Latitude/Longitude Input

Use from_lat_lon when your input is geographic coordinates.

use isohull::{HullMode, IsoHull, LatLon};

let points = vec![
    LatLon::new(50.0, 3.0),
    LatLon::new(50.0, 3.01),
    LatLon::new(50.01, 3.01),
    LatLon::new(50.01, 3.0),
];

let shape = IsoHull::from_lat_lon(points)
    .mode(HullMode::Low)
    .auto_alpha()
    .all_area()
    .build()?;

# Ok::<(), isohull::IsoHullError>(())

from_lat_lon(...).build() returns GeoMultiPolygon, whose coordinates are latitude/longitude coordinates.

Speed/Quality Modes

Exact mode uses every input point. The other modes spatially subsample the input before triangulation, which is much faster on large point clouds and intentionally less exact.

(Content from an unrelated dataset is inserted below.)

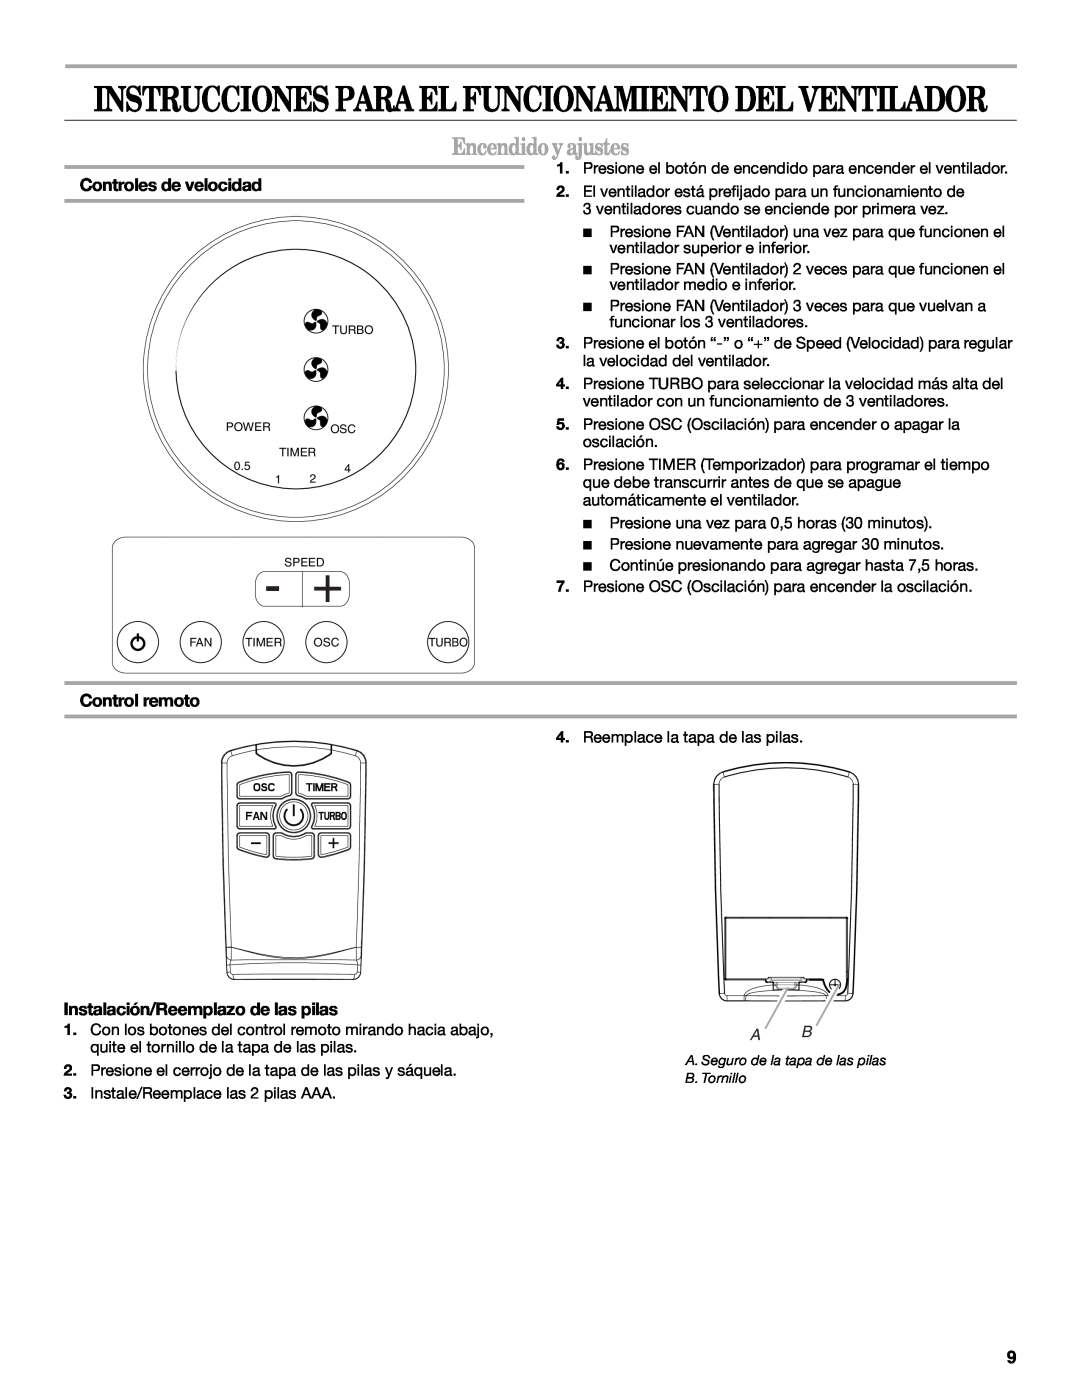 Whirlpool WF4235ER1 manual Encendido y ajustes, Controles de velocidad, Control remoto, Instalación/Reemplazo de las pilas

  • HullMode::Low: up to 10,000 sampled points
  • HullMode::Medium: up to 50,000 sampled points
  • HullMode::High: up to 100,000 sampled points
  • HullMode::Ultra: up to 250,000 sampled points
  • HullMode::Exact: no subsampling
use isohull::{HullMode, IsoHull};

let shape = IsoHull::from_xy(points)
    .mode(HullMode::Medium)
    .auto_alpha()
    .min_area_ratio(0.005)
    .build()?;

# Ok::<(), isohull::IsoHullError>(())

Alpha Selection

Use .auto_alpha() for the built-in alpha estimate:

let shape = IsoHull::from_xy(points)
    .auto_alpha()
    .all_area()
    .build()?;
# Ok::<(), isohull::IsoHullError>(())

Use .alpha(radius) when you want to provide the alpha radius yourself:

let shape = IsoHull::from_xy(points)
    .alpha(250.0)
    .all_area()
    .build()?;
# Ok::<(), isohull::IsoHullError>(())

For from_xy, the radius is in your input coordinate units. For from_lat_lon, the radius is in projected meters.

Area Filtering

Use .all_area() to keep every returned polygon.

Use .min_area_ratio(ratio) to remove tiny disconnected regions. It keeps polygons whose area is at least:

ratio * largest_polygon_area

For example:

let shape = IsoHull::from_xy(points)
    .auto_alpha()
    .min_area_ratio(0.005)
    .build()?;
# Ok::<(), isohull::IsoHullError>(())

GeoJSON

GeoJSON export is available only for latitude/longitude output and only when the geojson feature is enabled.

[dependencies]
isohull = { version = "0.1", features = ["geojson"] }
use isohull::{HullMode, IsoHull, LatLon};

let geojson = IsoHull::from_lat_lon(vec![
    LatLon::new(50.0, 3.0),
    LatLon::new(50.0, 3.01),
    LatLon::new(50.01, 3.01),
    LatLon::new(50.01, 3.0),
])
.mode(HullMode::Low)
.auto_alpha()
.all_area()
.build()?
.to_geojson()
.to_string();

# Ok::<(), isohull::IsoHullError>(())

Without the geojson feature, to_geojson() is not compiled and cannot be called.

Lower-Level Helpers

The lower-level projected XY helpers remain available:

  • alpha_shape(points, alpha_radius)
  • alpha_shape_auto(points)
  • estimate_alpha_radius(points)

These operate on Point2 and return projected MultiPolygon values.

Tracing

IsoHull uses the log crate. To inspect timing for every build step, run:

RUST_LOG=isohull=trace cargo run --release --example trace_examples

The trace example defaults to RUST_LOG=isohull=trace when RUST_LOG is unset.

To trace a specific hull mode:

ISOHULL_MODE=low RUST_LOG=isohull=trace cargo run --release --example trace_examples

Supported ISOHULL_MODE values are low, medium, high, ultra, and exact.

You can also trace a specific target:

RUST_LOG=isohull::triangulation=trace cargo run --release --example trace_examples

Benchmarks

Benchmark every example dataset against every hull mode with:

cargo bench --bench examples

Release

Publishing is automated through GitHub Actions.

One repository secret is required:

CARGO_API_KEY

It must contain a crates.io API token allowed to publish isohull.

To cut a release from a clean working tree:

./release.sh 0.1.1

The script runs formatting, clippy, tests, benchmark build checks, updates Cargo.toml, commits Release v0.1.1, creates the v0.1.1 tag, and pushes both the branch and tag.

Pushing a v*.*.* tag triggers .github/workflows/publish-crate.yml, which verifies the crate with cargo publish --dry-run, publishes to crates.io, then creates or updates the matching GitHub release.

The workflow can also be started manually from GitHub Actions. Manual runs always perform the checks and dry-run; set the publish input to true only when you intentionally want to publish from that run.